To analyze and compare the performance of DenseBlockBool as Bitset and as BooleanArray to the current FP64 implementation, a java program was created that uses the classes from systemds (systemds-boolean-matrix-evaluation). For each given matrix size, it does five computations with pseudo-randomly generated matrices for double to boolean operators and for boolean to boolean operators.
Both the total runtime of each operation and the memory used are stored. Finally, the average over the five runs is taken.
The Matrix sizes are chosen to represent up to 16mio total entries, but with different dims. We used square matrices of up to 4000x4000 and non-square ones of up to 100x160000. In the non-square case, one dimension was always fixed to a length of 100.

Evaluation of Double to Bool (GreaterThan)

As input, two dense FP64 Matrices are randomly generated based on a given seed. As the output, a MatrixBlock with a DenseBlock of the desired type (FP64, Bitset, or BooleanArray) is created.
The timer is started, the operator called with the two input and the output matrices, the timer is stopped, and the result matrix is returned for validation. Memory is computed as the difference between the memory used before the in- and output matrices are created and after the result is computed (but before any Matrix blocks were dereferenced).

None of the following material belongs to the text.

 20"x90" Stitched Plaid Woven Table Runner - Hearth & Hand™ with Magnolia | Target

The plot shows the runtimes on the left and memory usage on the right. In blue, the results of the bitset implementation are plotted. In green is the current Double/FP64 implementation, and in orange is the Boolean Array implementation. The different markers represent the results of square (square marker), Nx100 (circle), and 100xN (cross) matrices.

As expected, both runtime and memory usage increase linearly with an increased number of entries in the matrix.

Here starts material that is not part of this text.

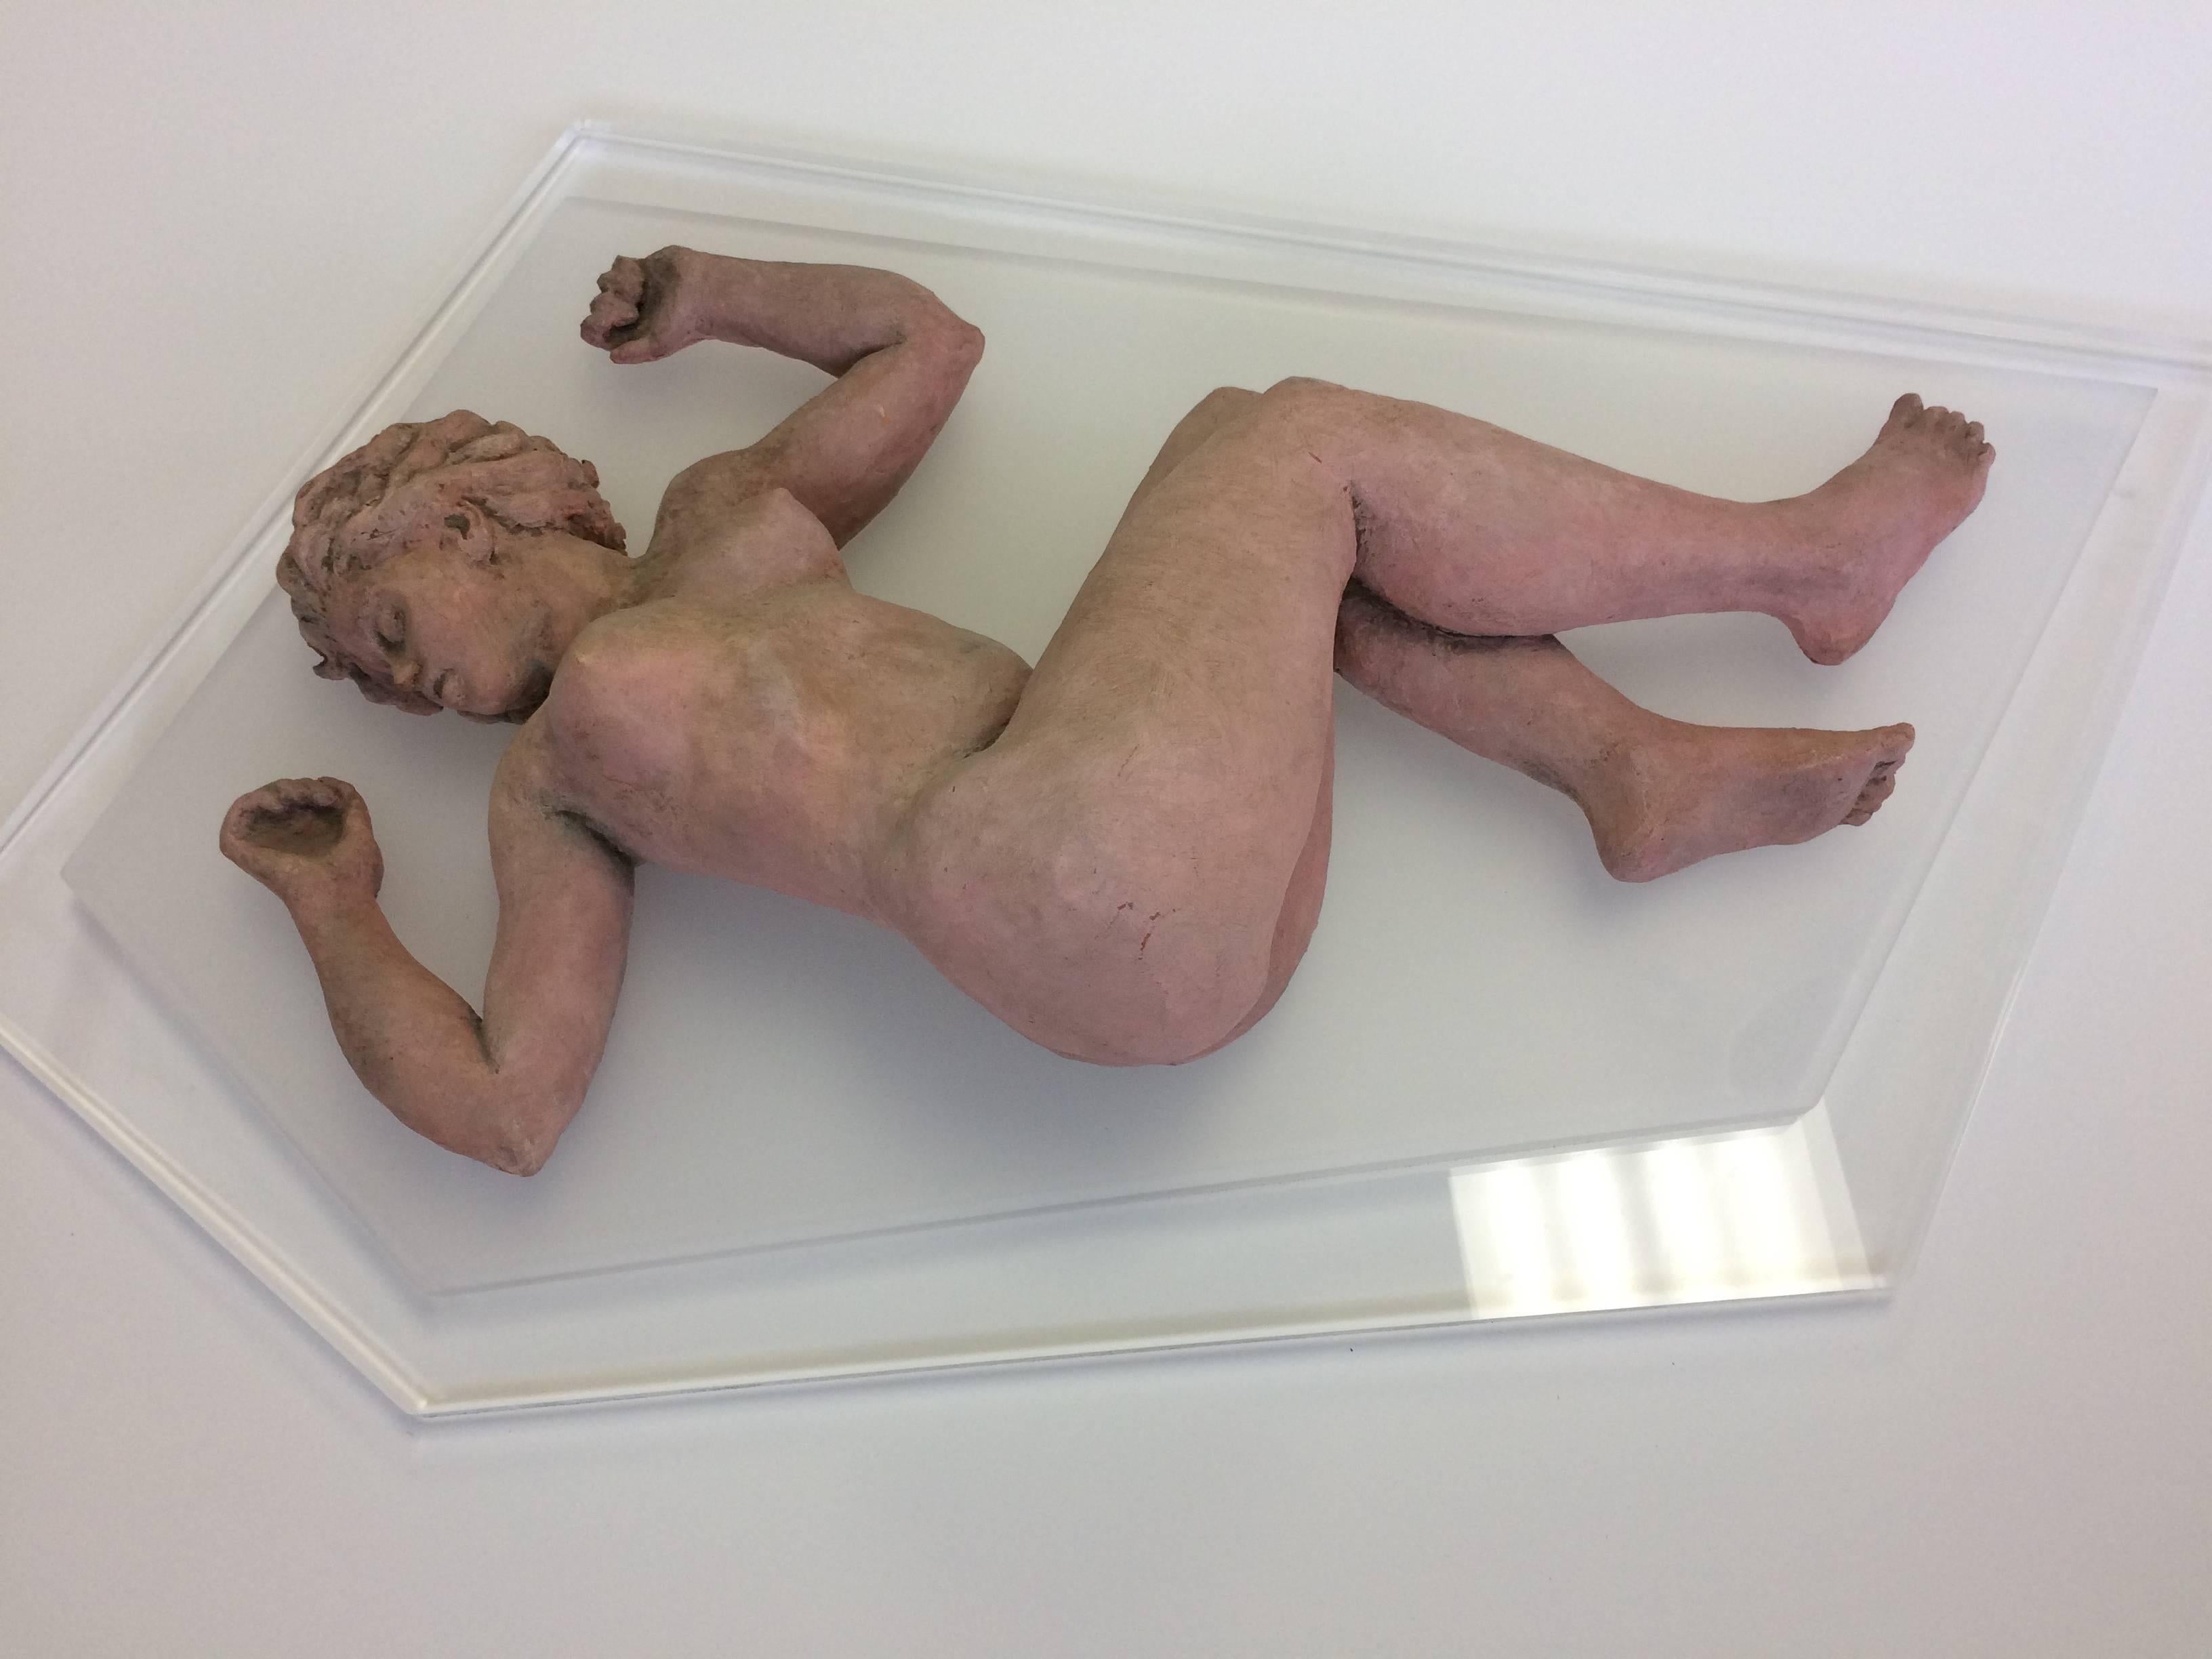  Sleeping Nude Clay Sculpture on Lucite  - Beige Nude Sculpture by Betty Miller

The results show a visible performance increase for computation regarding runtime when using BooleanArray. This is most likely due to faster, direct access to the smaller arrays and fewer translations between boolean results and their double representation to store them in the result matrix since the operators can return boolean values, which can then be directly stored in the result matrices.
Interestingly the boolean array outperforms the Bitset here. The Bitset was even slower than the FP64 implementation. Without further investigation, this is probably due to fewer instructions necessary to access the boolean array compared to more when storing a value in a bitset. Also, it is worth noting that the bitset stores the values internally as long and therefore has to access an 8bytes large long whenever accessing a value. This might influence caching.

Regarding memory, both boolean implementations took less space. As expected, the Bitset takes even less space since each boolean in the boolean arrays still takes up one byte, but the bitset stores the booleans as individual bits that are collected into long.

There is no difference in runtime or memory when using non-square matrices as long as the total number of entires is the same.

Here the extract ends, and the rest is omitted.